> **DATA BLOCK**

------------------------------------------------------------------------

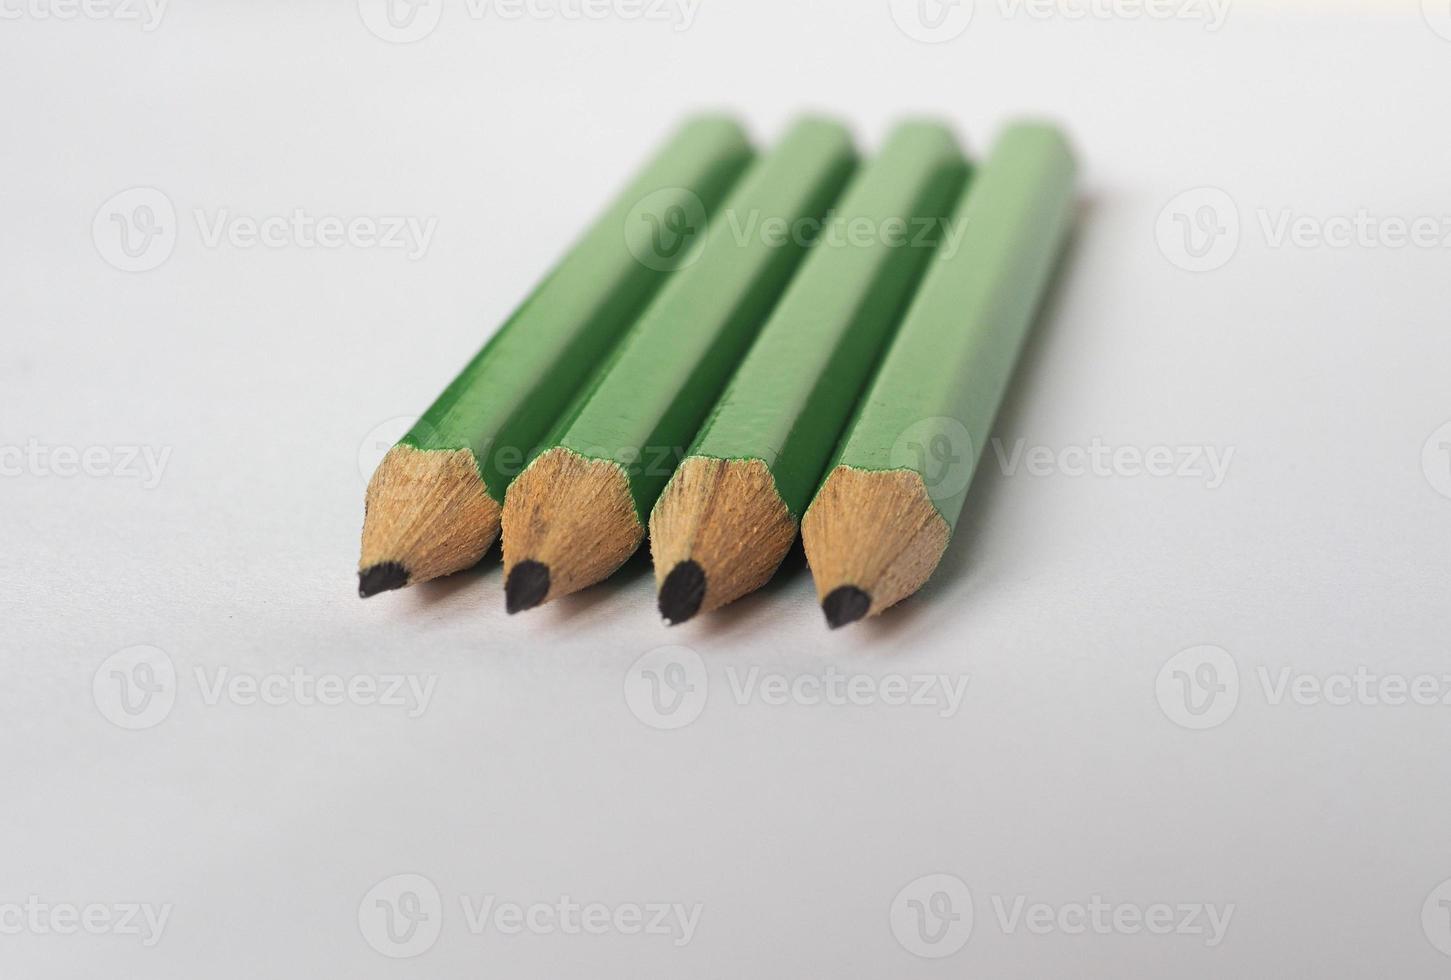 quatre crayons verts sur une feuille de papier photo
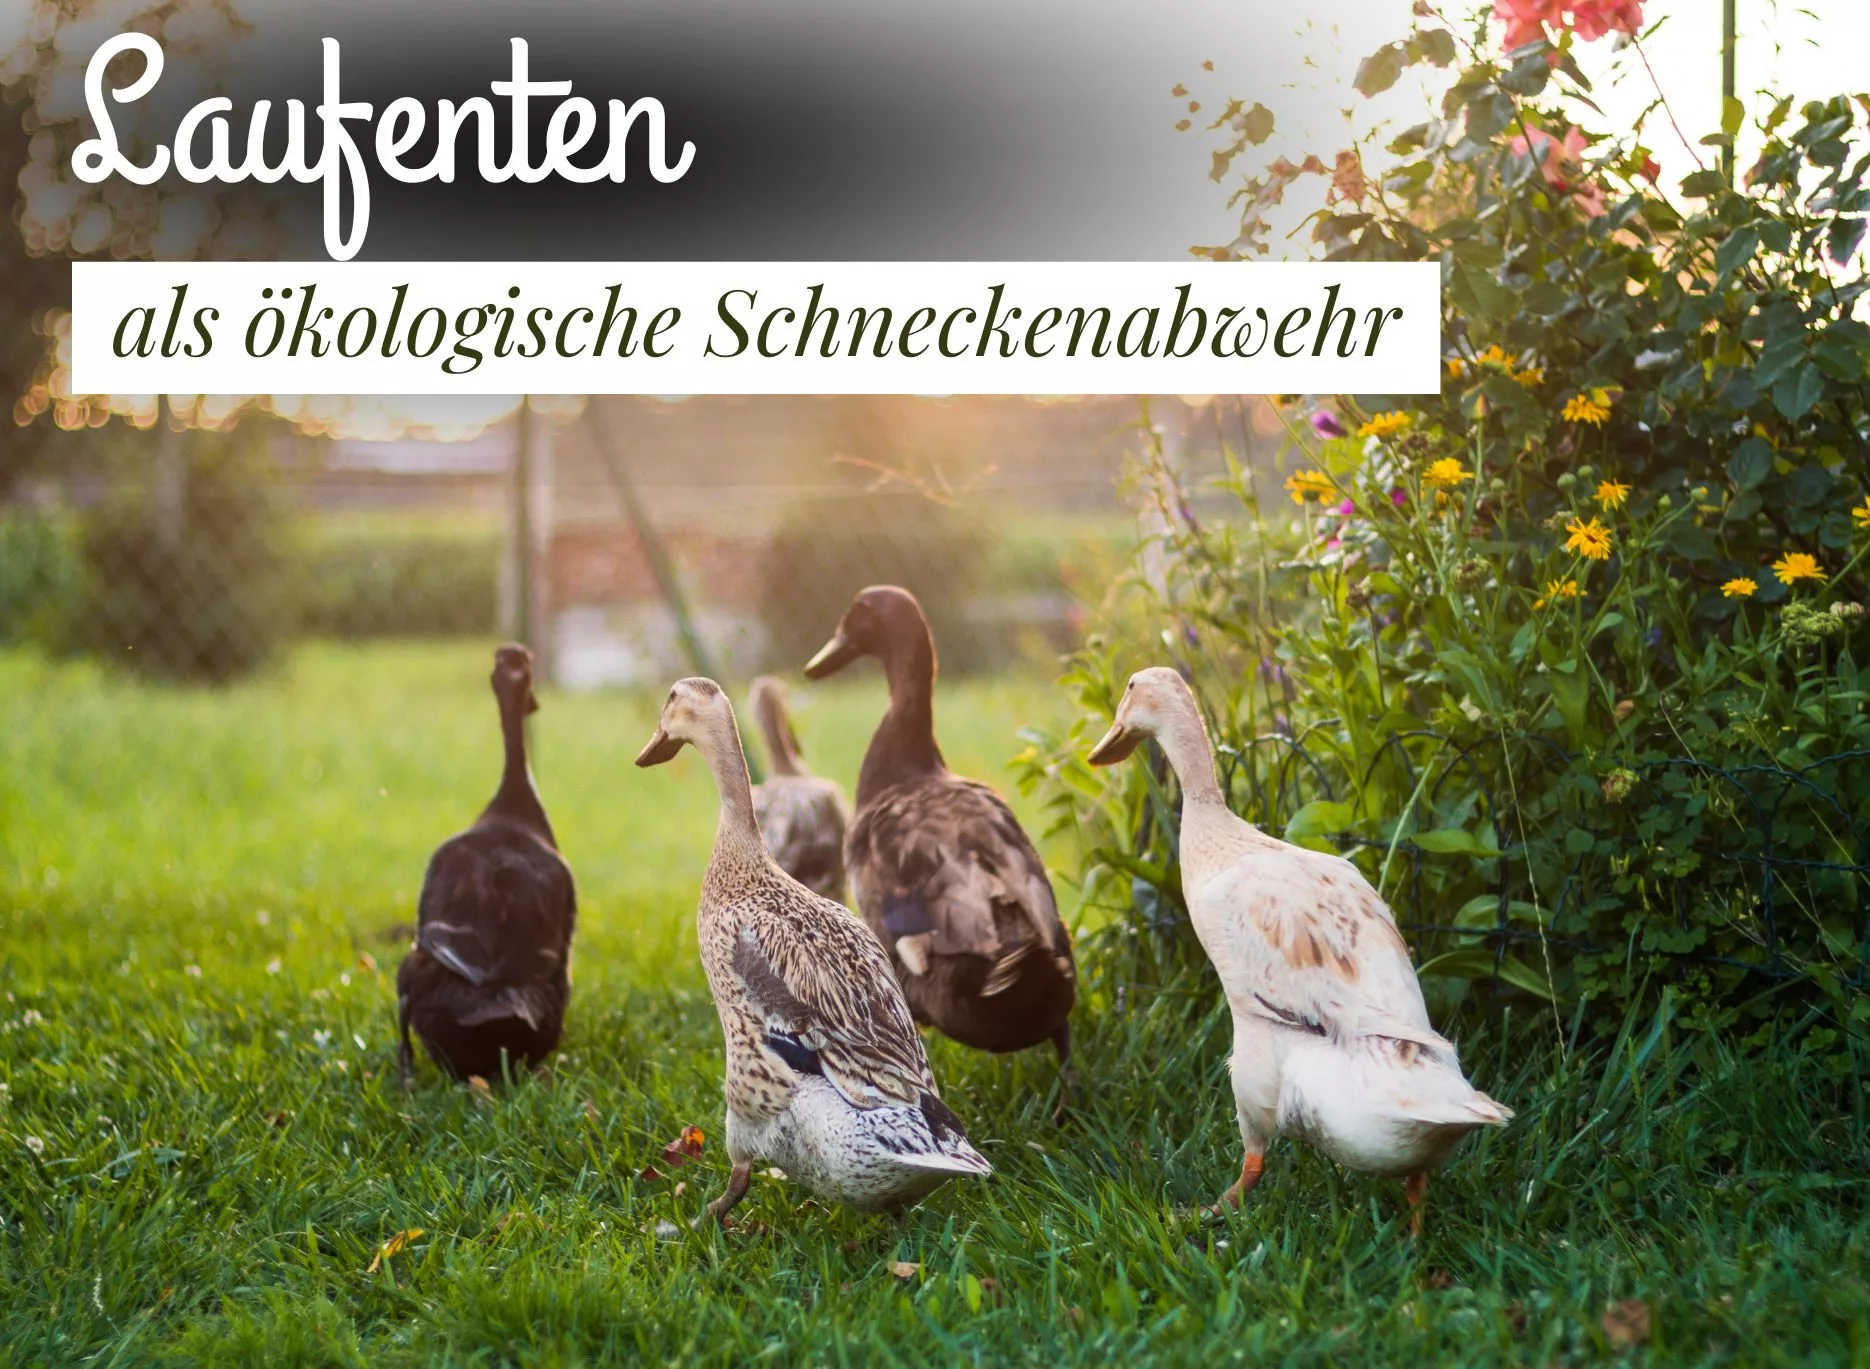 You are currently viewing Laufenten als ökologische Schneckenabwehr
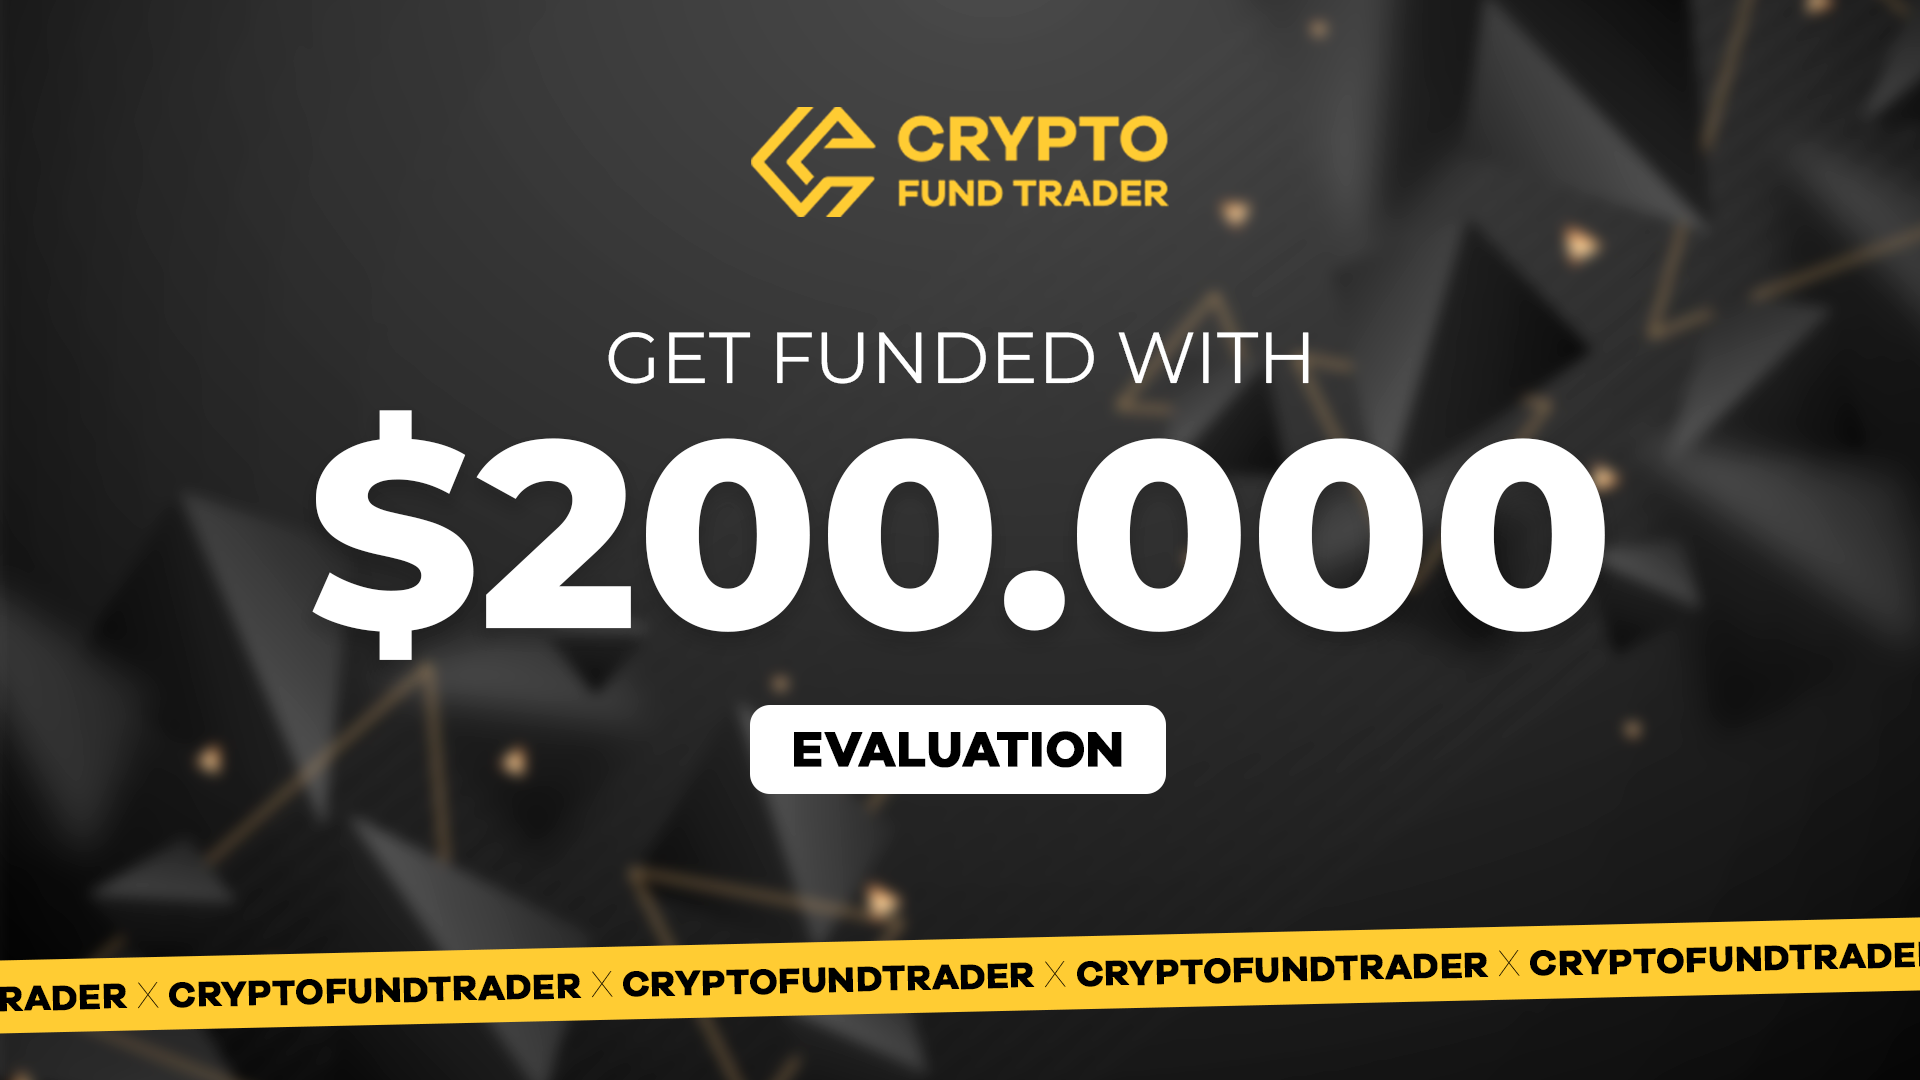 [$ 1127.7] Crypto Fund Trader - $200.000 Evaluation Voucher
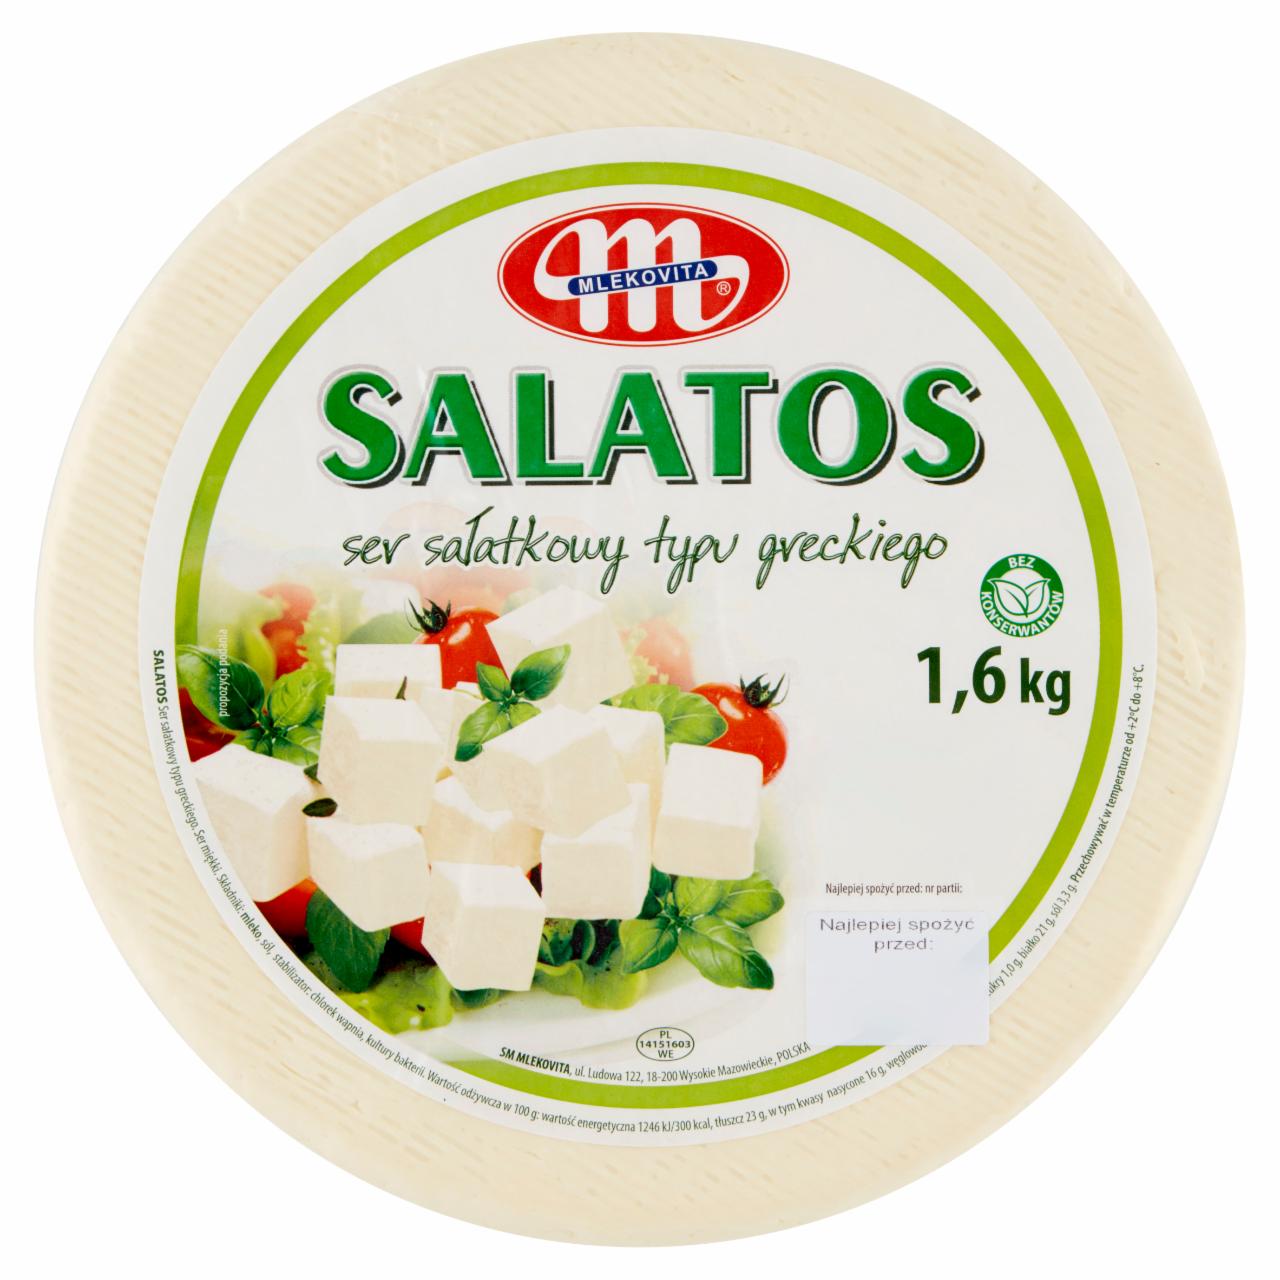 Zdjęcia - Salatos Ser sałatkowy typu greckiego Mlekovita

------------------------------------------------------------------------

> **WHAT IS REQUIRED**
From the first line to the last, copy the listing above exactly, dropping all images.

> **WRITTEN RESPONSE**
 quatre crayons verts sur une feuille de papier photo
 You are currently viewing Laufenten als ökologische Schneckenabwehr
 [$ 1127.7] Crypto Fund Trader - $200.000 Evaluation Voucher
 Zdjęcia - Salatos Ser sałatkowy typu greckiego Mlekovita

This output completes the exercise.